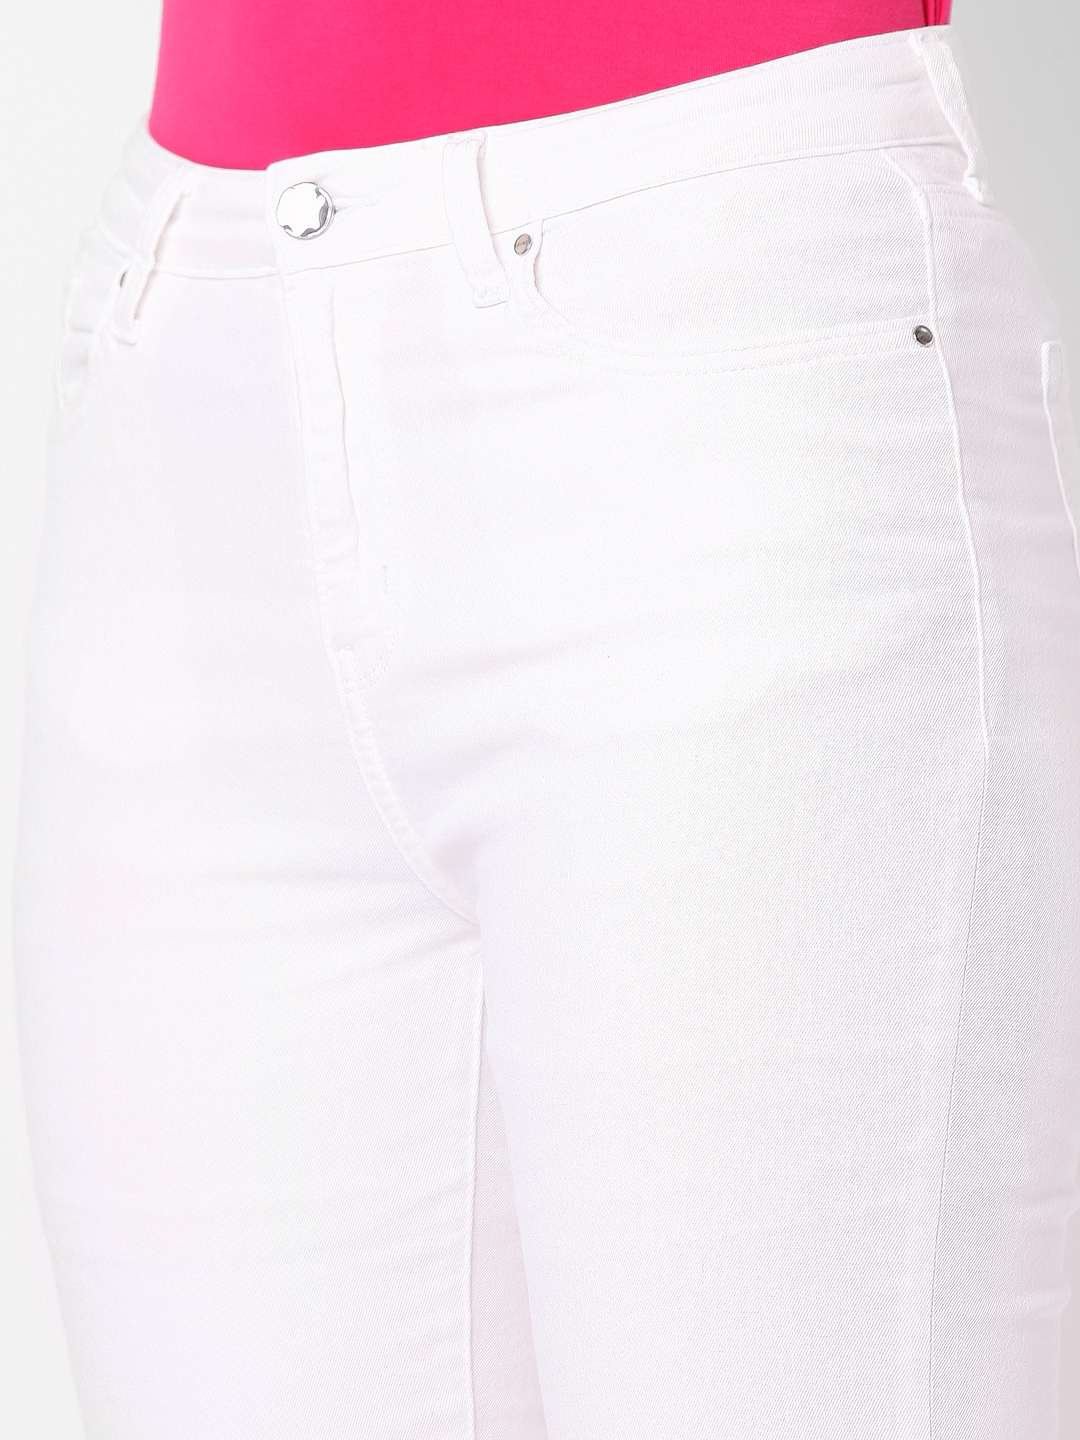 spykar | Women's White Cotton Solid Slim Jeans 5
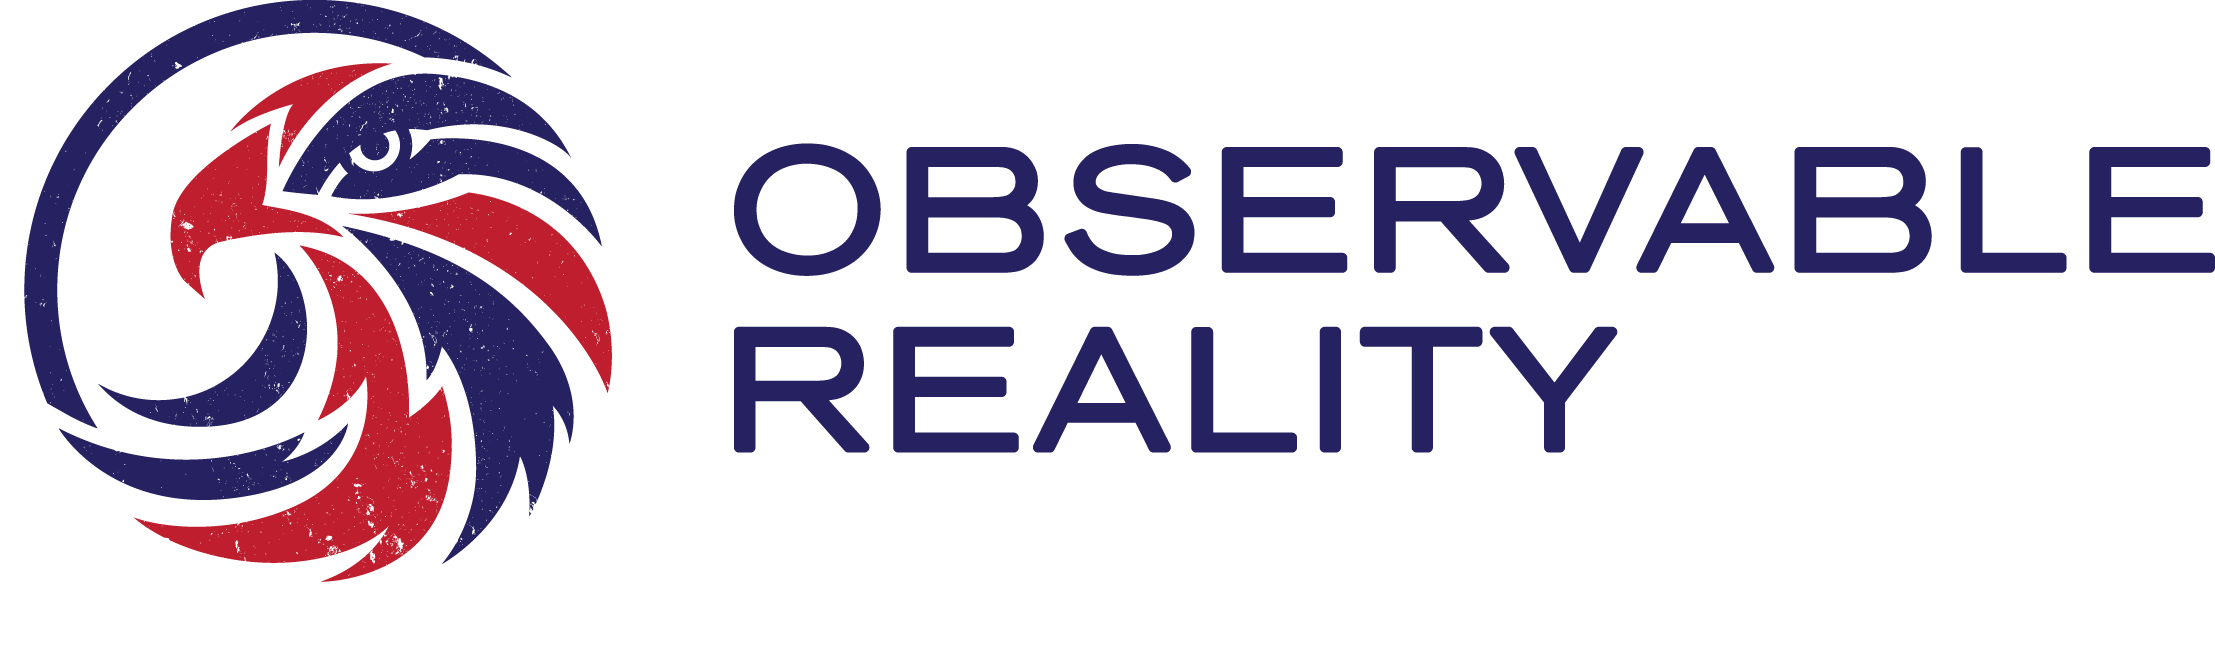 observable reality logo
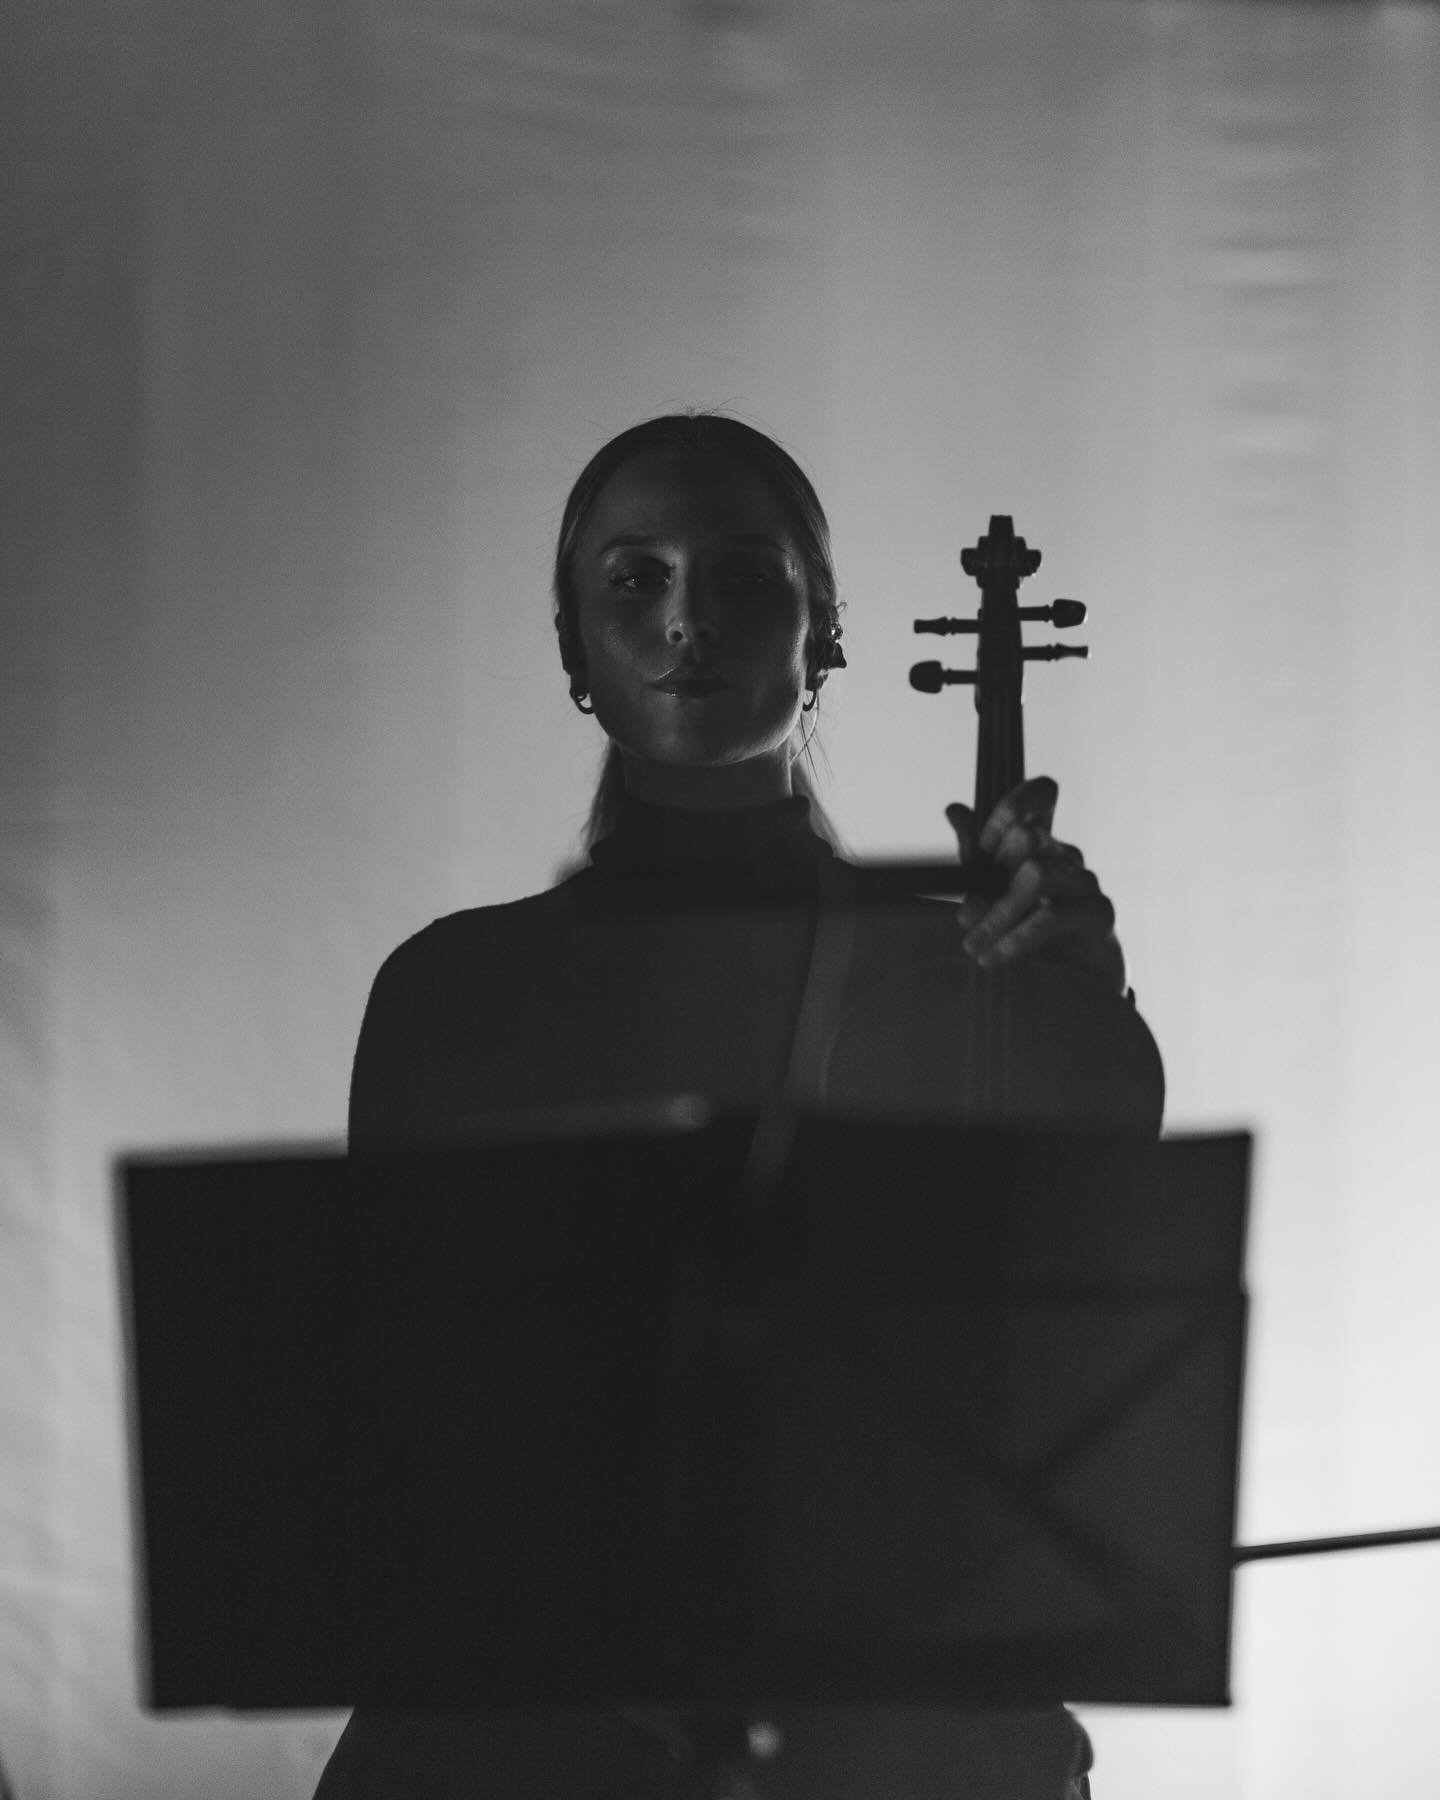 Black &amp; white from tour 📸 @ryanplomp 

#montellfish #blackandwhitephotography #amsterdam #paradiso #montellfishmusic #violinist #violist #cellist #londonstringplayers 
#montellfisheuropeantour

· · · ·

## ACTIVITY
Pictures stay out of the answer; the rest of the listing above is returned exactly.

## YOUR SOLUTION
 spykar | Women's White Cotton Solid Slim Jeans 5
 observable reality logo
 Black &amp; white from tour 📸 @ryanplomp 

#montellfish #blackandwhitephotography #amsterdam #paradiso #montellfishmusic #violinist #violist #cellist #londonstringplayers 
#montellfisheuropeantour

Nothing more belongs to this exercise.